§ Data section
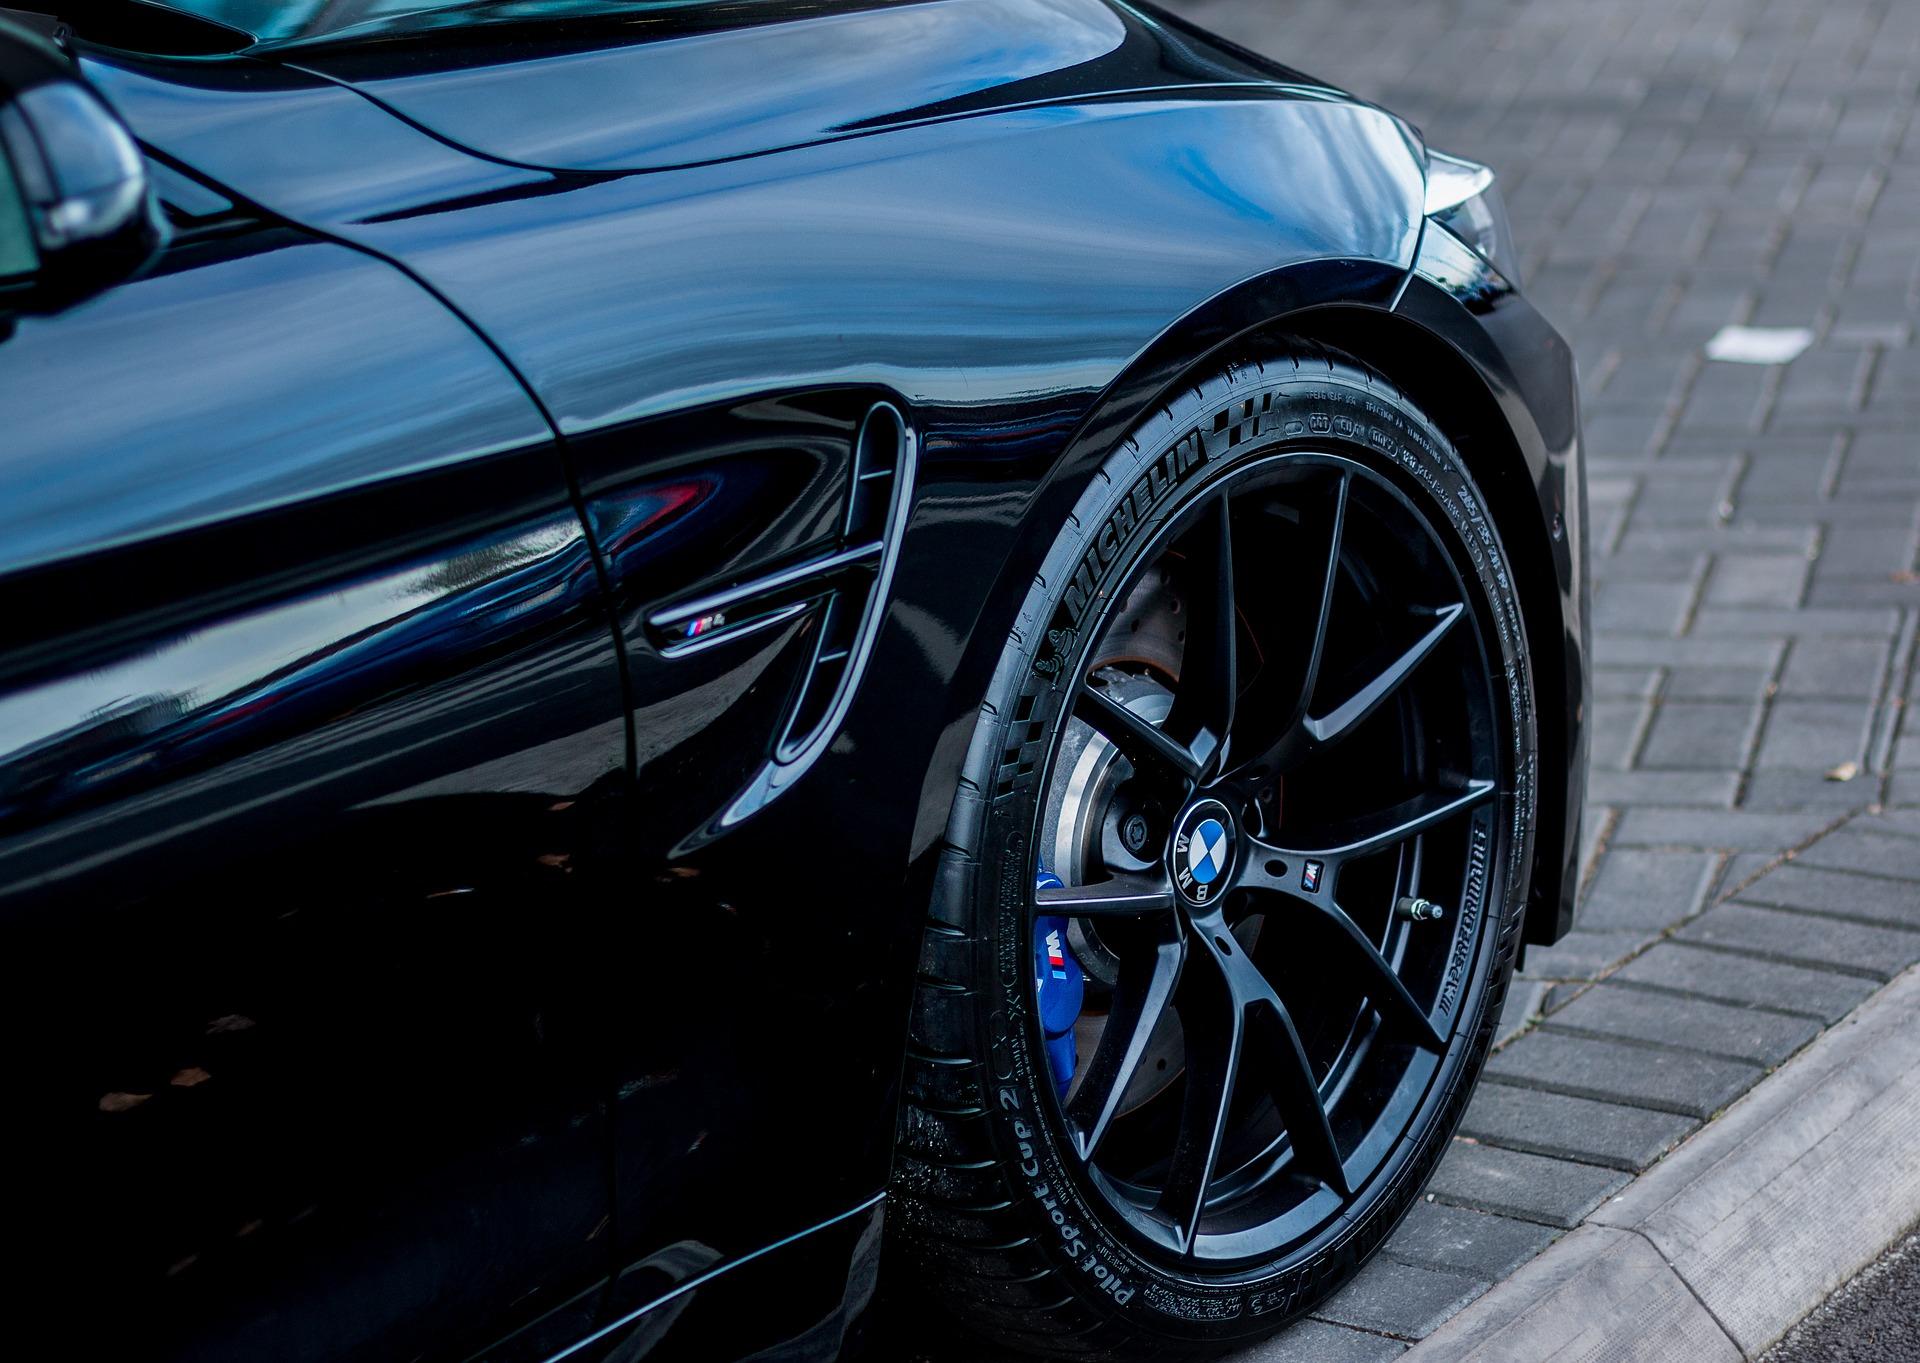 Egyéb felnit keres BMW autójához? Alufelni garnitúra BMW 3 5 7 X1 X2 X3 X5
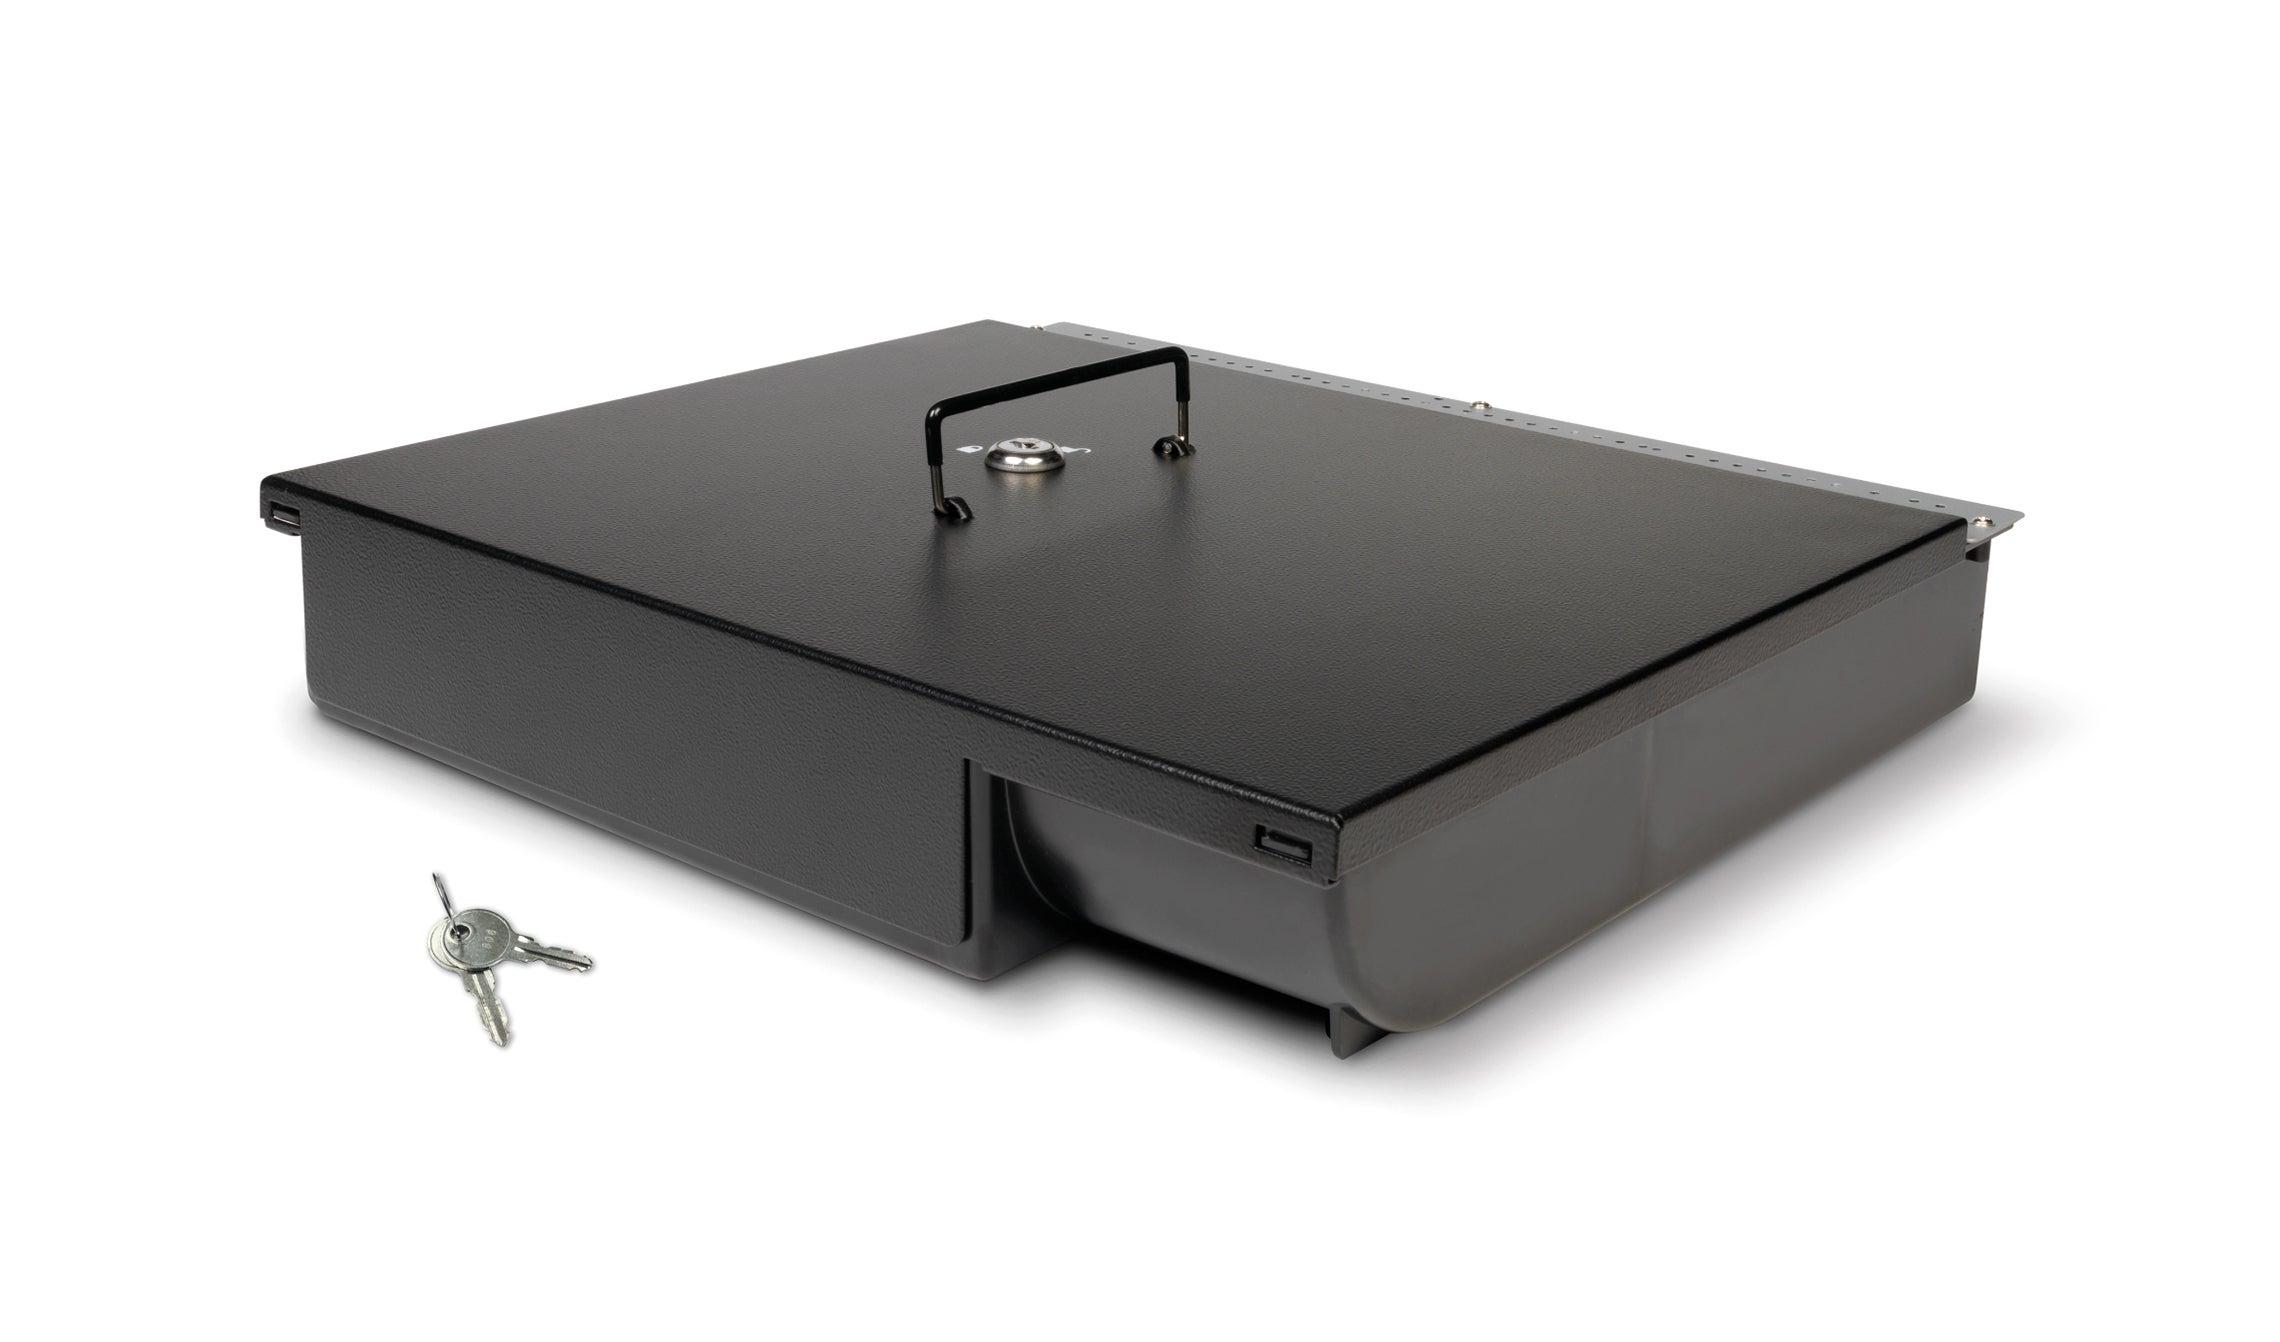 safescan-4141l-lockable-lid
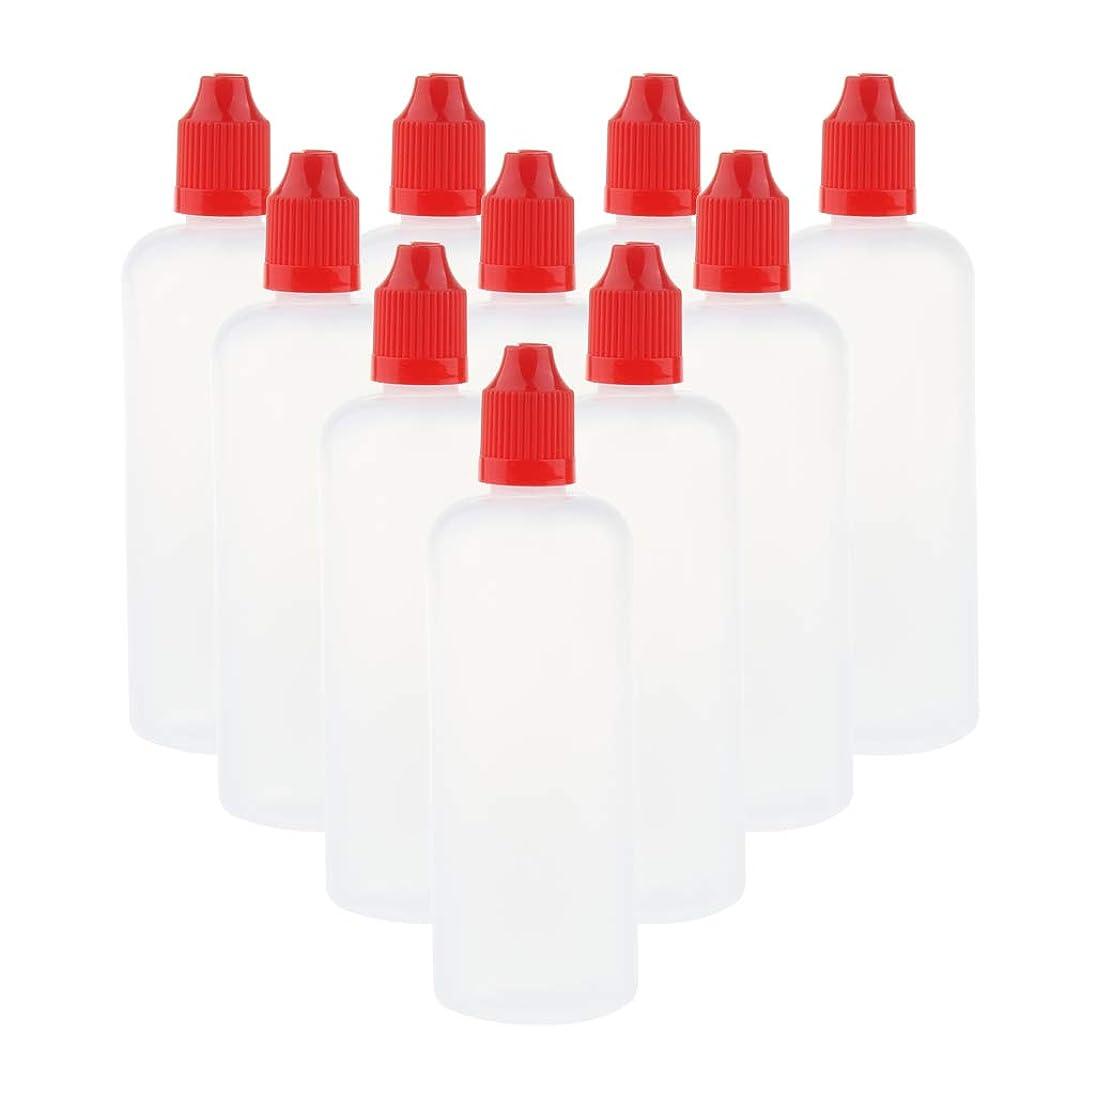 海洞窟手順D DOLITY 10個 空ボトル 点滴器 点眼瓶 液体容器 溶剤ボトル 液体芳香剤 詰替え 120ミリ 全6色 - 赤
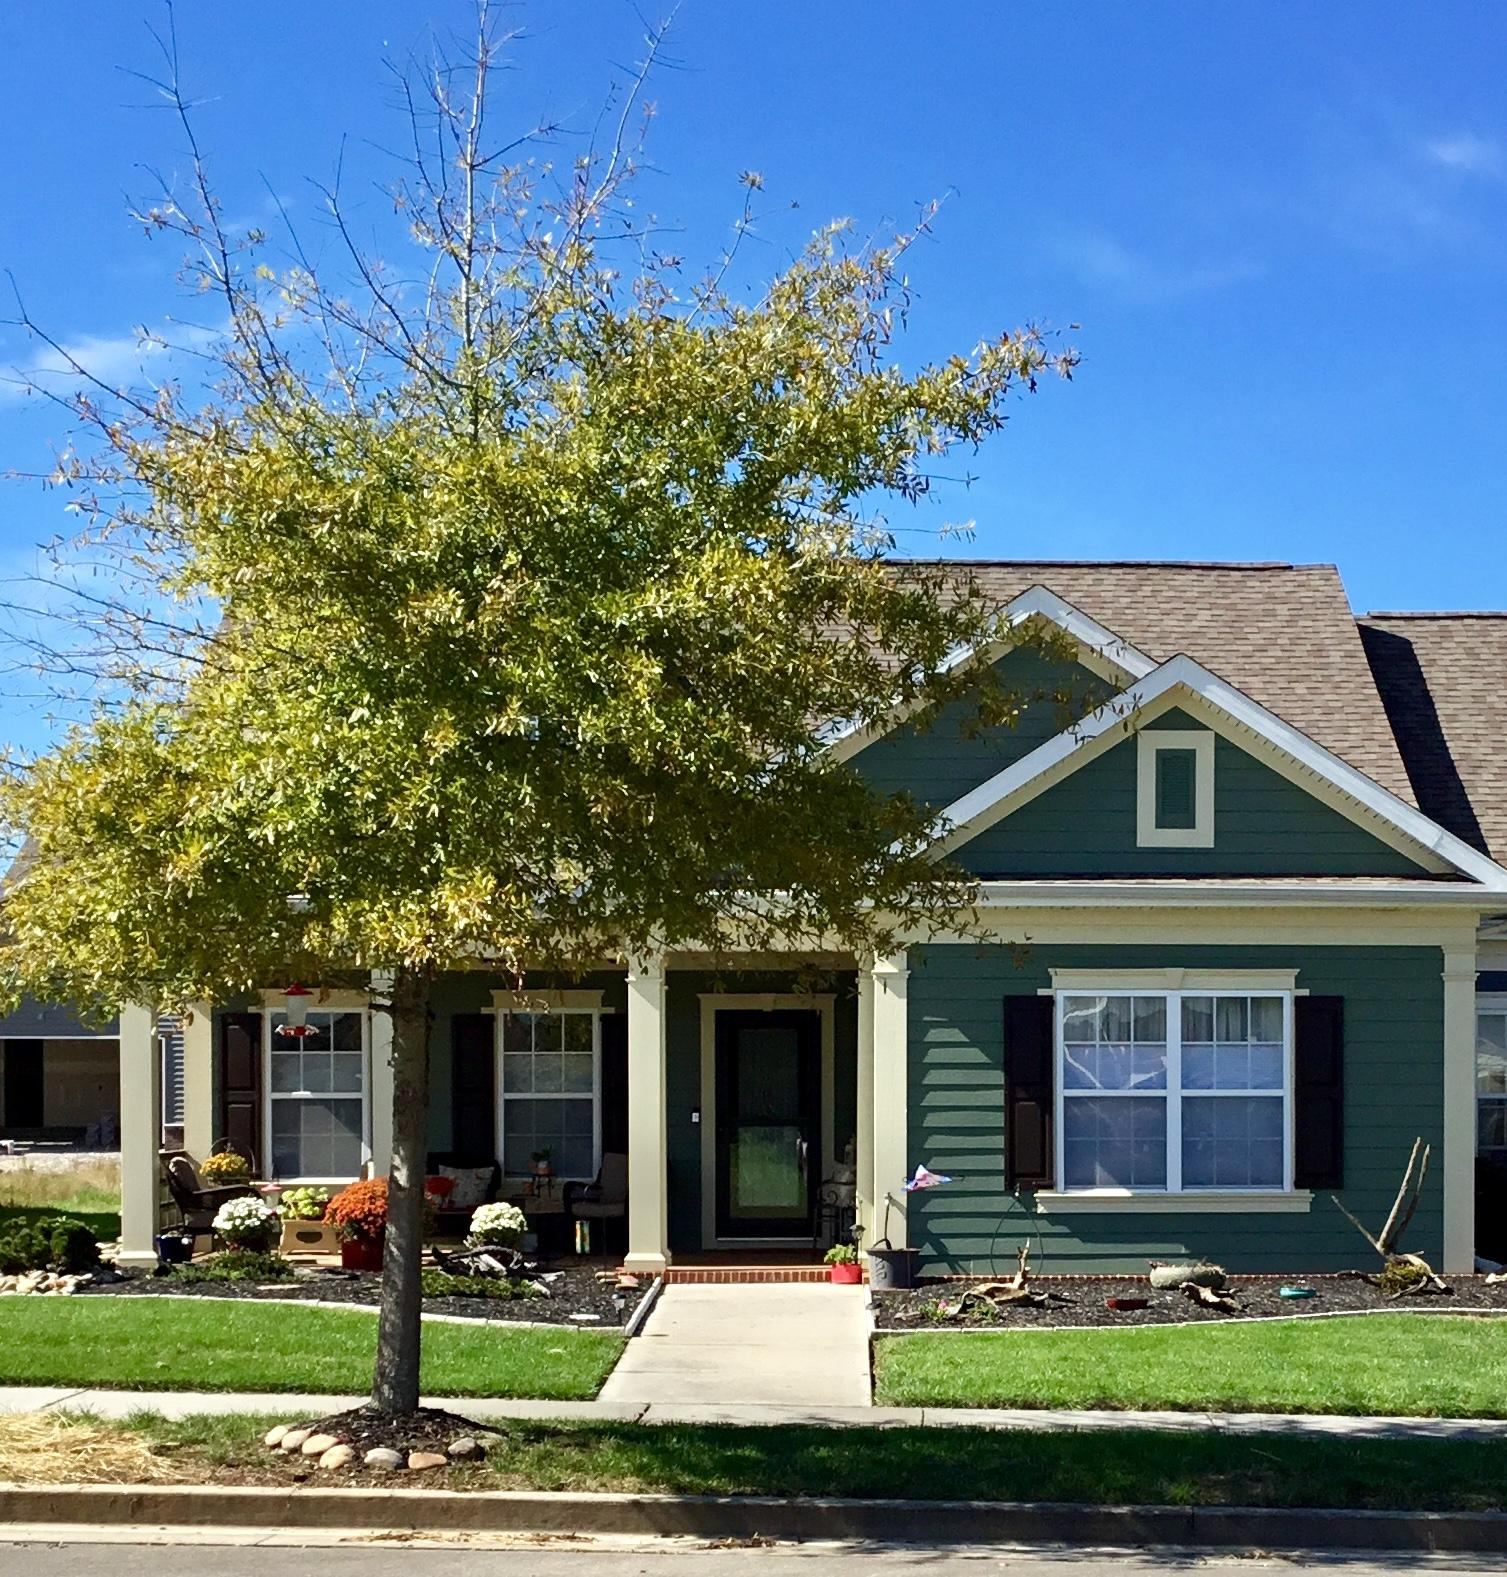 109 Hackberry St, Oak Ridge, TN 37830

§ Your task
No image belongs in the copy. Transcribe the full listing verbatim.

§ Solution below
 Egyéb felnit keres BMW autójához? Alufelni garnitúra BMW 3 5 7 X1 X2 X3 X5
 safescan-4141l-lockable-lid
 海洞窟手順D DOLITY 10個 空ボトル 点滴器 点眼瓶 液体容器 溶剤ボトル 液体芳香剤 詰替え 120ミリ 全6色 - 赤
 109 Hackberry St, Oak Ridge, TN 37830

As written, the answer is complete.